You know these plants, and if you’re like most who live where they live, you may hate them. If you’ve ever walked in the woods in the Ozarks, you trip over them. They tear your clothing. They rip into your flesh as you stumble through the forest. When hiking or clearing brush at your yard’s edge, you talk to these plants – generally in loud expletives. I posted a photo of one online recently and got responses such as: “They’ll rip you -up.” “I see this and hear the song Helter Skelter.” “I was clearing some & they fought back big time.” “Two words – controlled burn.”

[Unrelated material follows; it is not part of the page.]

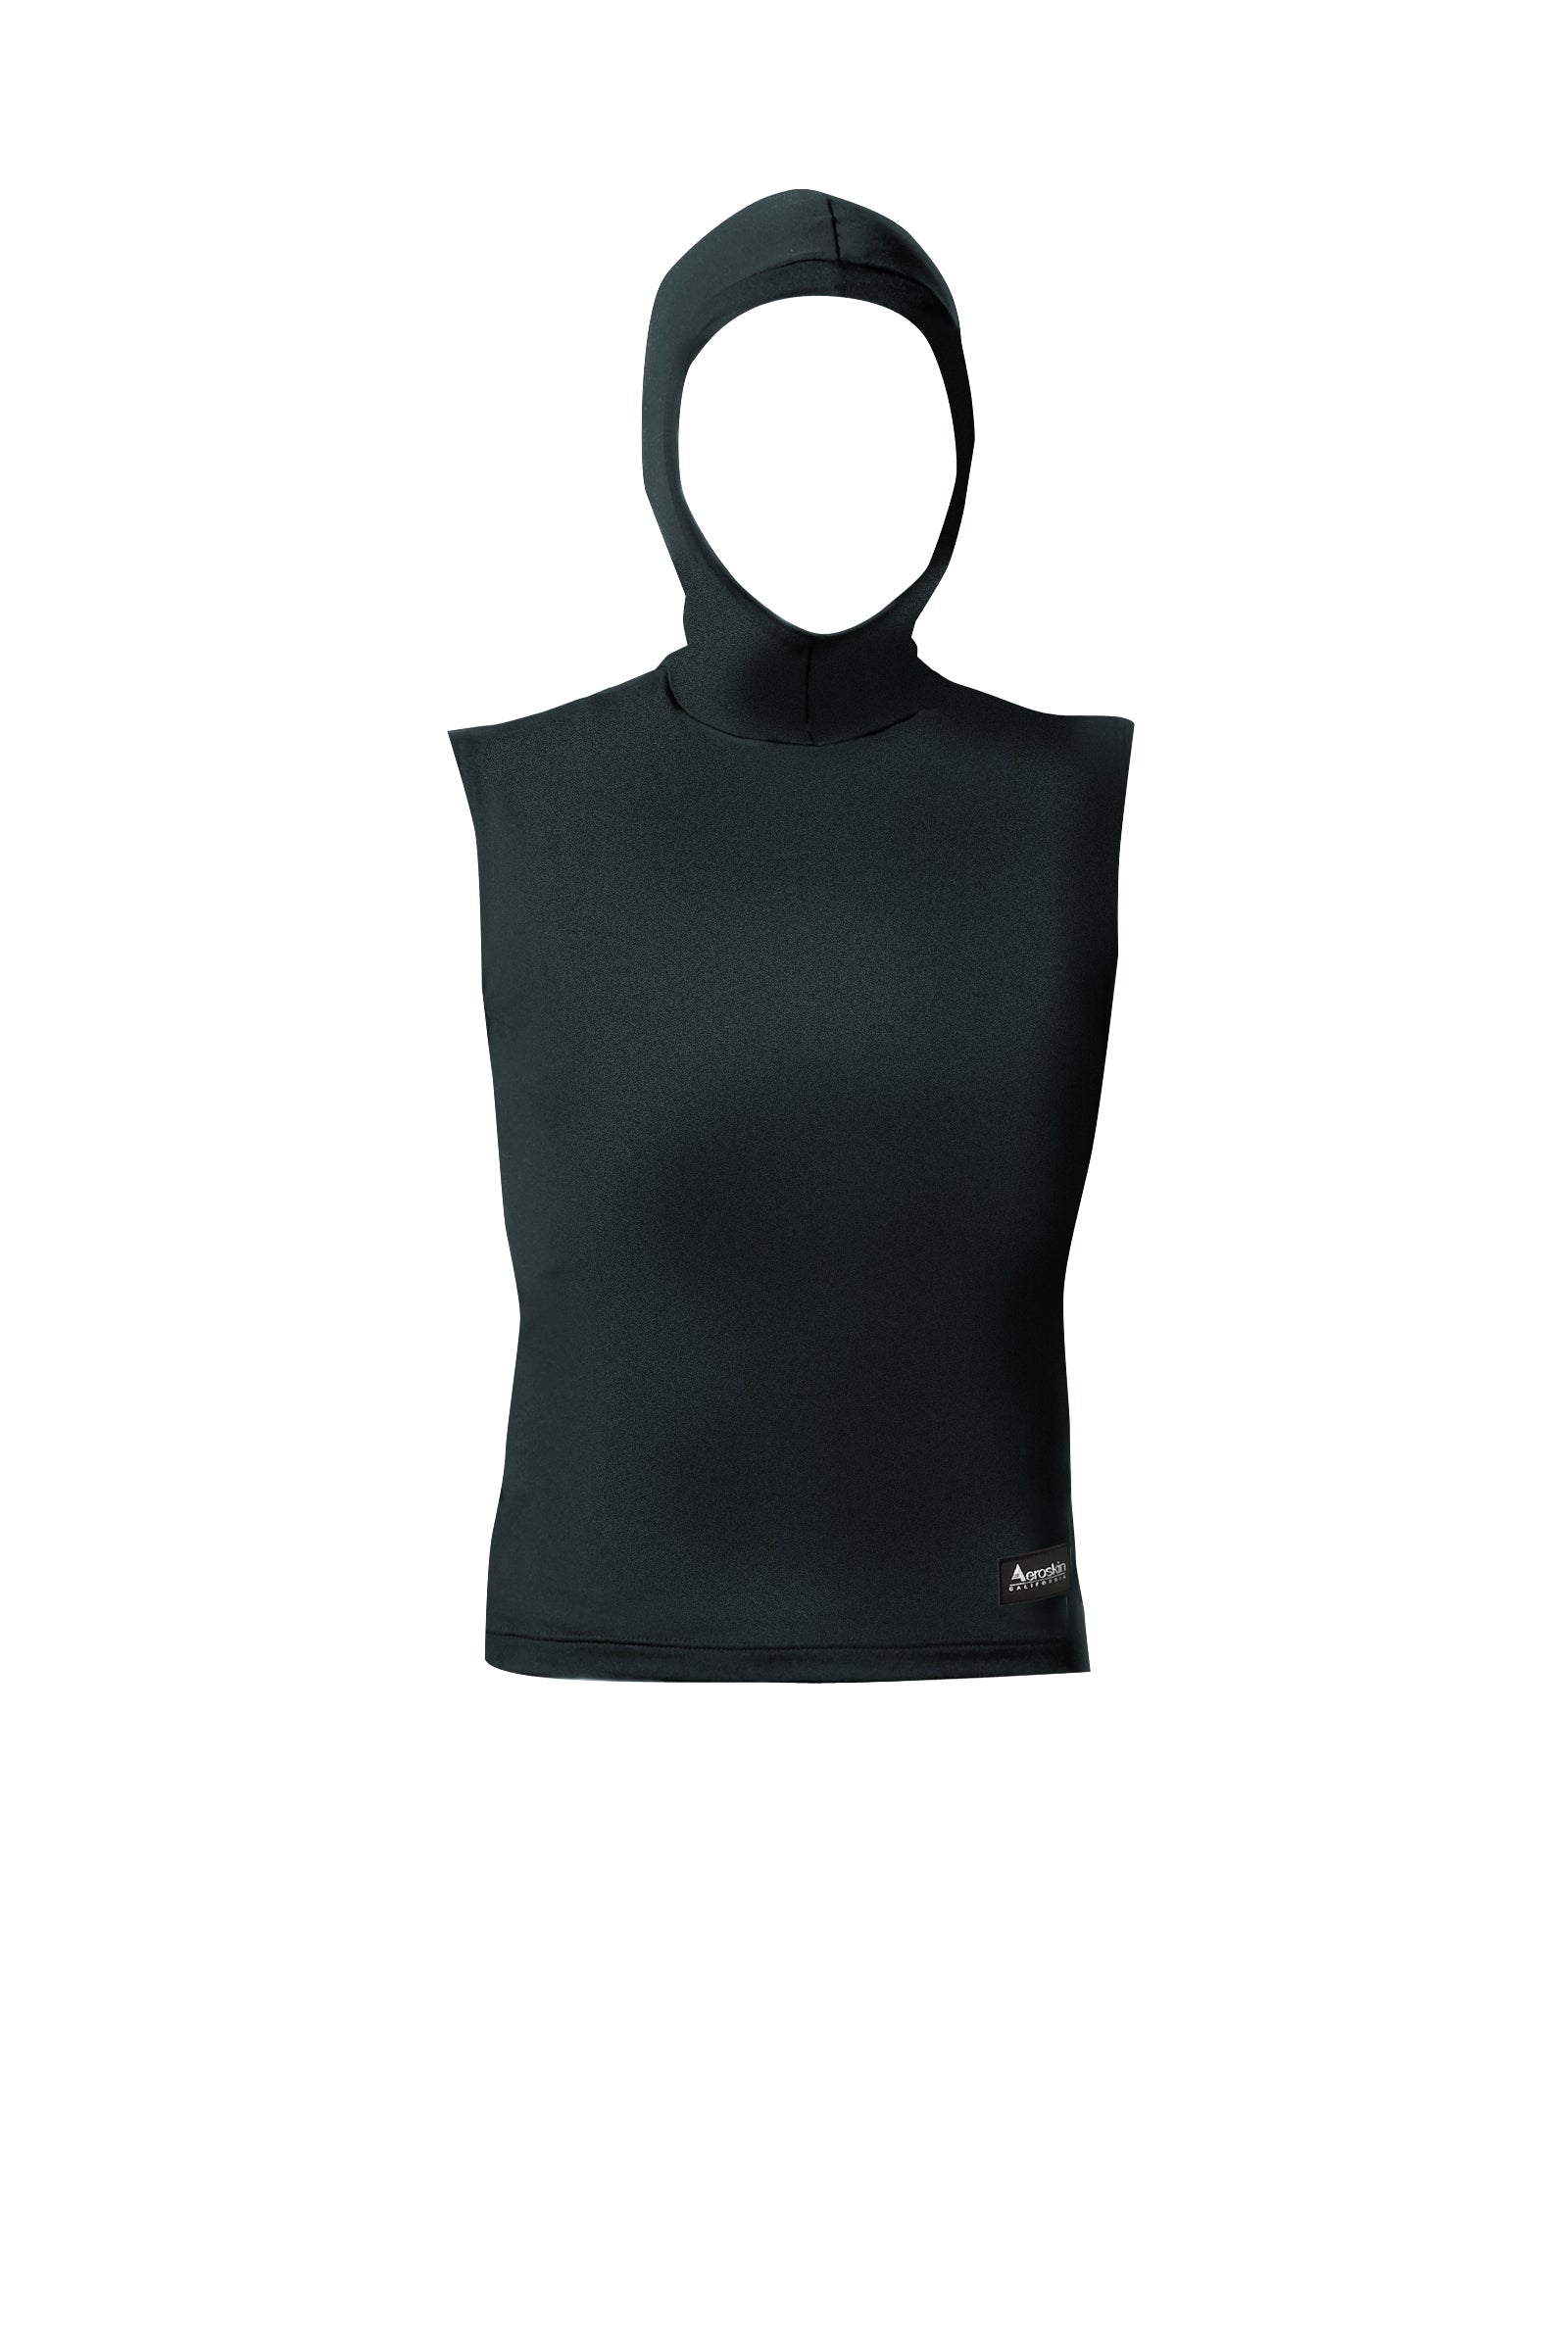 P345 Sleeveless Pullover Vest with Hood (Unisex)-Top-wetsuit, diver, sharkskin, snorkeling gear, watersports equipment, diving fins, snorkeling mask, ocean reef, Garmin G1

We call it catbrier, greenbrier, bullbrier – members of the genus Smilax in the greenbrier family (Smilacaceae). The genus Smilax has upwards of 260 species, mostly tropical with outliers extending in temperate climates. There are 20 species or so in North America (north of Mexico), with 11 species in Arkansas.

Some are herbaceous and die back every winter. Others have persistent woody stalks. They scramble, climb, entangle, clamber, and tear you up with their sharp spines. Botany books covering this part of the country, can’t seem to agree on scientific names, descriptions, illustrated characteristics or keys to identifiable features. In fact, you must turn to a 1944 publication that suggests the best way to identify these plants is to dig-up the roots.

We can call these invasive aliens in the broadest sense, since they continue to spread and invade in an evolutionary slow-motion time scale. They arrived in North America before humans existed. Plant geographers and paleobotanists surmise that this plant group originated in Southeast Asia.

Some species like saw greenbrier or catbrier (Smilax bona-nox) traveled eastward, landing in what is now Latin America millions of years ago. It developed a unique adaptation, first observed in a 1917 issue of the Journal of Genetics – spines on the roots to prevent the starch-rich tubers from being eaten by peccaries.

The common greenbrier or horsebrier (Smilax rotundifolia) has a creeping rhizome with no starchy tuber. With its closest genetic relatives in Europe and the Azores, it came our way via a westward route. Both species are difficult to tell apart without looking at the roots. Perhaps nature put them here to help control the real invasive aliens – humans.